Summary of Zinc Morning Meeting on May 16
Futures Market: Overnight, LME zinc opened at $2,760/mt. In the early session, a tug-of-war between longs and shorts saw LME zinc oscillate around the daily average line. During European trading hours, bears took the upper hand, pushing the center of LME zinc down to $2,715/mt. Entering the night session, it rebounded near the daily average line, ultimately closing down at $2,726/mt, down $35.5/mt or 1.29%. Trading volume decreased to 12,734 lots, while open interest increased by 1,548 lots to 225,000 lots. Overnight, the most-traded SHFE zinc 2506 contract opened lower with a gap at 22,490 yuan/mt. After dipping to 22,440 yuan/mt in the early session, bears took profits and exited, pushing SHFE zinc higher with the center moving up to 22,575 yuan/mt. It ultimately closed up at 22,595 yuan/mt, up 145 yuan/mt or 0.64%. Trading volume decreased to 57,656 lots, while open interest decreased by 2,645 lots to 96,405 lots.
Macro: US retail sales in April slowed significantly and PPI unexpectedly declined as policies such as tariffs began to curb demand. Trump said the US was close to reaching a nuclear deal with Iran. Putin refused to meet Zelensky, and peace talks in Turkey are unlikely to break the deadlock. Chinese Premier: Place the strategic foothold of development on strengthening the domestic circulation to hedge against uncertainties in the international circulation.
Spot Market:
Shanghai: The futures market maintained highs. Downstream inquiries and bargaining were scarce, and trading activity was sluggish. Traders continued to lower spot premiums to facilitate shipments, but downstream enterprises maintained just-in-time purchases, resulting in overall weak trading activity.
Guangdong: Overall, the center of the futures market moved higher yesterday, coupled with still relatively high premiums and discounts, leading to the emergence of fear of high prices among downstream buyers. In the morning session, traders faced difficulties in selling, prompting them to continuously lower premiums and discounts. In the second session, trading activity slightly picked up. The upward movement of zinc prices, coupled with sluggish spot trading, drove spot premiums and discounts lower.

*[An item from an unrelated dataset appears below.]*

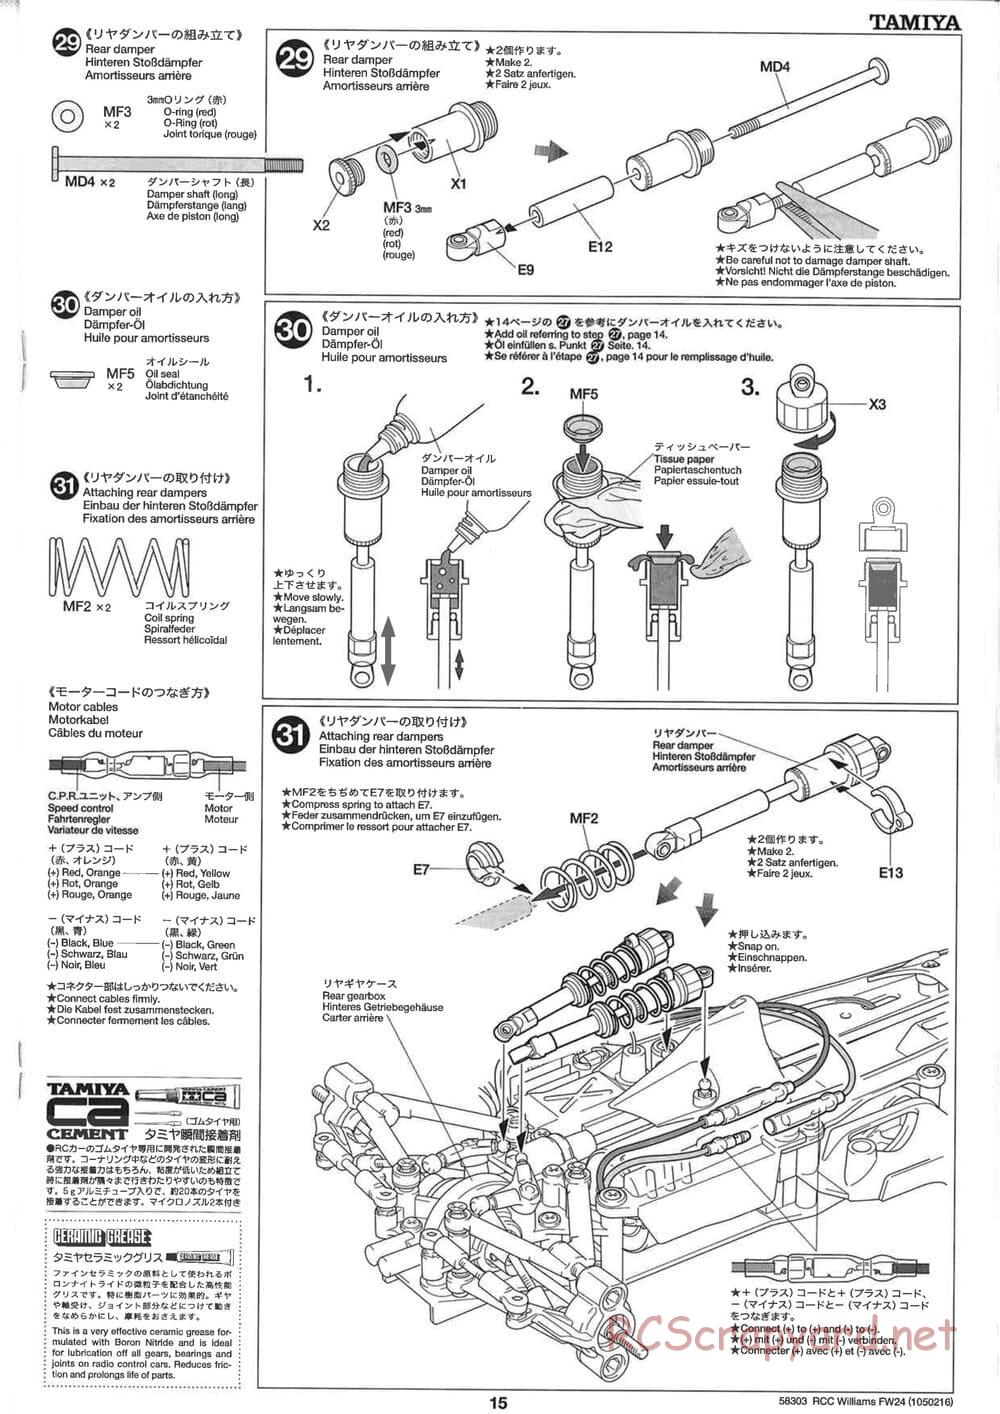 Tamiya - Williams F1 BMW FW24 - F201 Chassis - Manual - Page 15

Tianjin: The futures market continued to rise slightly yesterday. Downstream enterprises were cautious in purchasing due to fear of high prices, conducting only small-scale just-in-time restocking with few inquiries. Traders continued to lower premiums to facilitate shipments, resulting in overall poor market trading activity.

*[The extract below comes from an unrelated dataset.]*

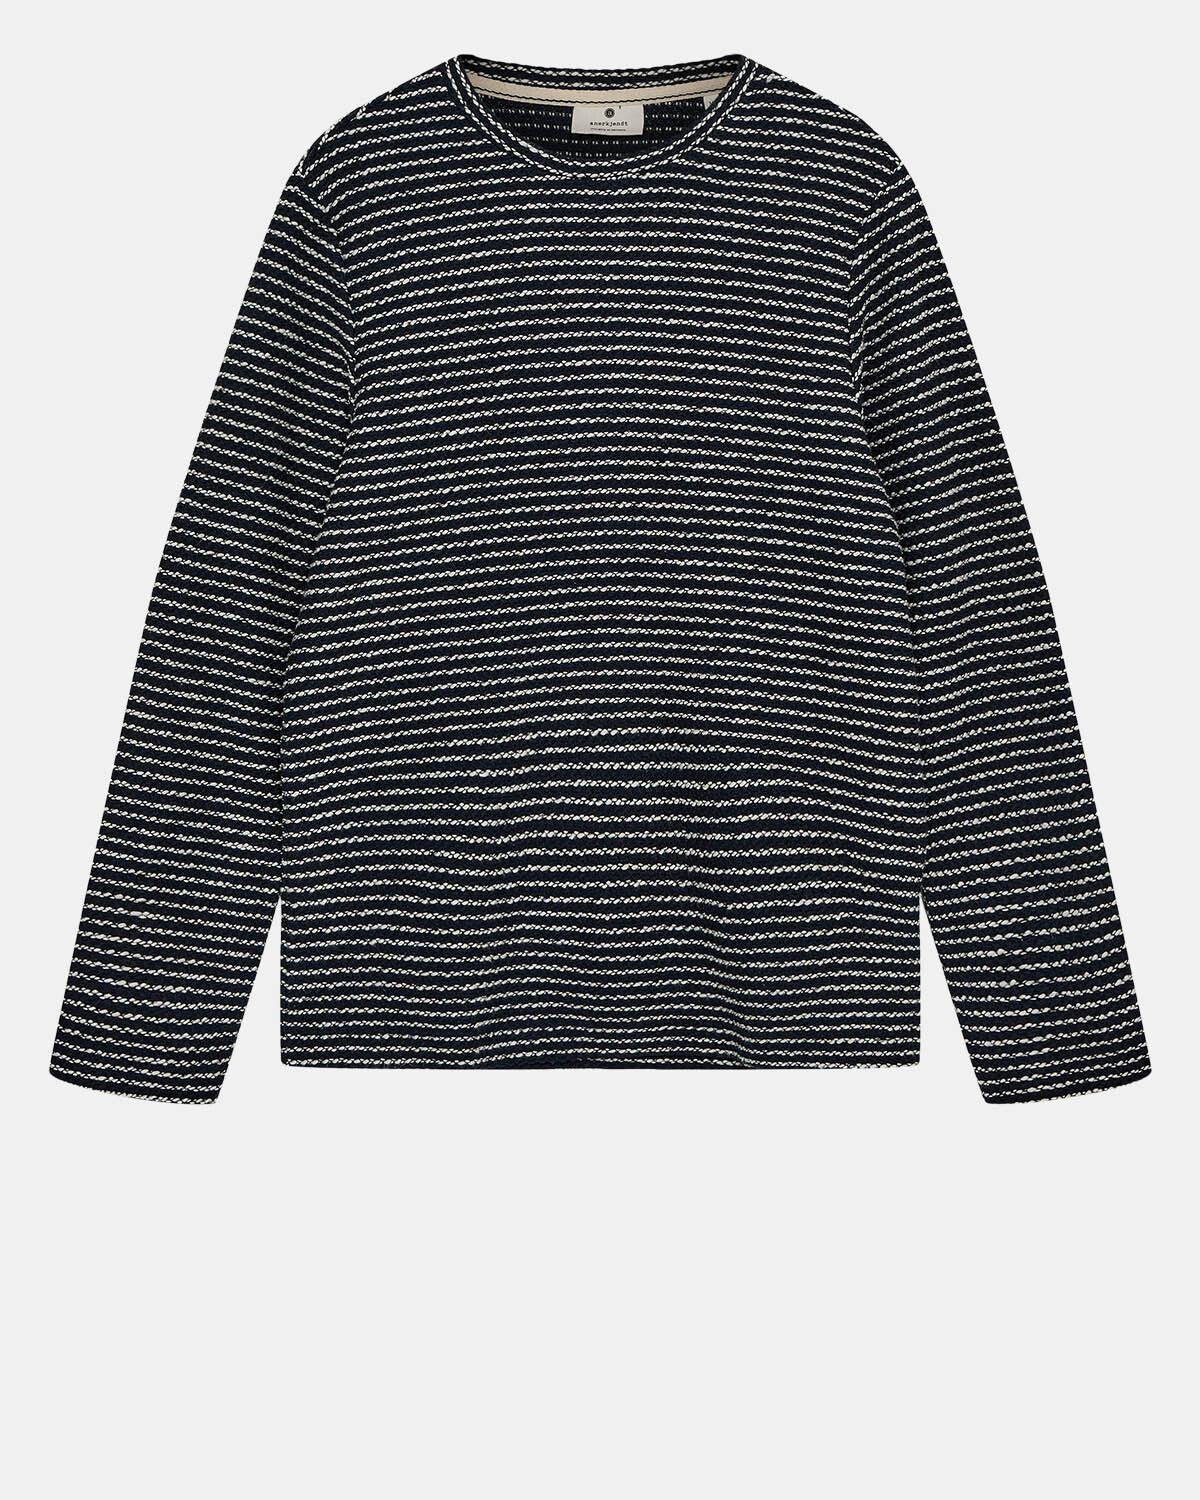 Sail stripe sweater sky captain - Anerkjendt

Ningbo: The impact of low-priced imports persisted. Domestic traders significantly lowered their spot premium quotes yesterday. However, some downstream enterprises had previously purchased a large amount of imported zinc ingots, maintaining a certain level of raw material inventory. Overall trading activity remained just-in-time.
Social Inventory: On May 15, LME zinc inventory decreased by 1,875 mt to 165,175 mt, a drop of 1.12%. According to SMM communications, as of May 15, the total zinc ingot inventory across seven locations tracked by SMM was 86,300 mt, an increase of 3,000 mt from May 8 and 800 mt from May 12, indicating a rise in domestic inventory.
Zinc Price Outlook: Overnight, LME zinc stopped rising and started to fall, with the 60-day moving average acting as resistance and the 40-day moving average providing support. The growth rate of US retail sales slowed down in April, and the month-on-month PPI rate unexpectedly declined. Weak economic data led to a fading of the earlier optimism due to the easing of trade tariffs, providing an opportunity for bears to enter the market. LME zinc was in the doldrums. Overnight, SHFE zinc recorded a small bullish candlestick, yet the center of the daily candlestick shifted downward, and the KDJ indicator's opening narrowed. Due to the influx of imported zinc ingots, as well as the impact of high zinc prices and the off-season, downstream buyers were cautious about purchasing at elevated levels, leading to an accumulation of social inventory. Meanwhile, as some smelters approached the end of their maintenance periods, the expected increase in supply was on the rise, causing zinc prices to jump initially and then pull back.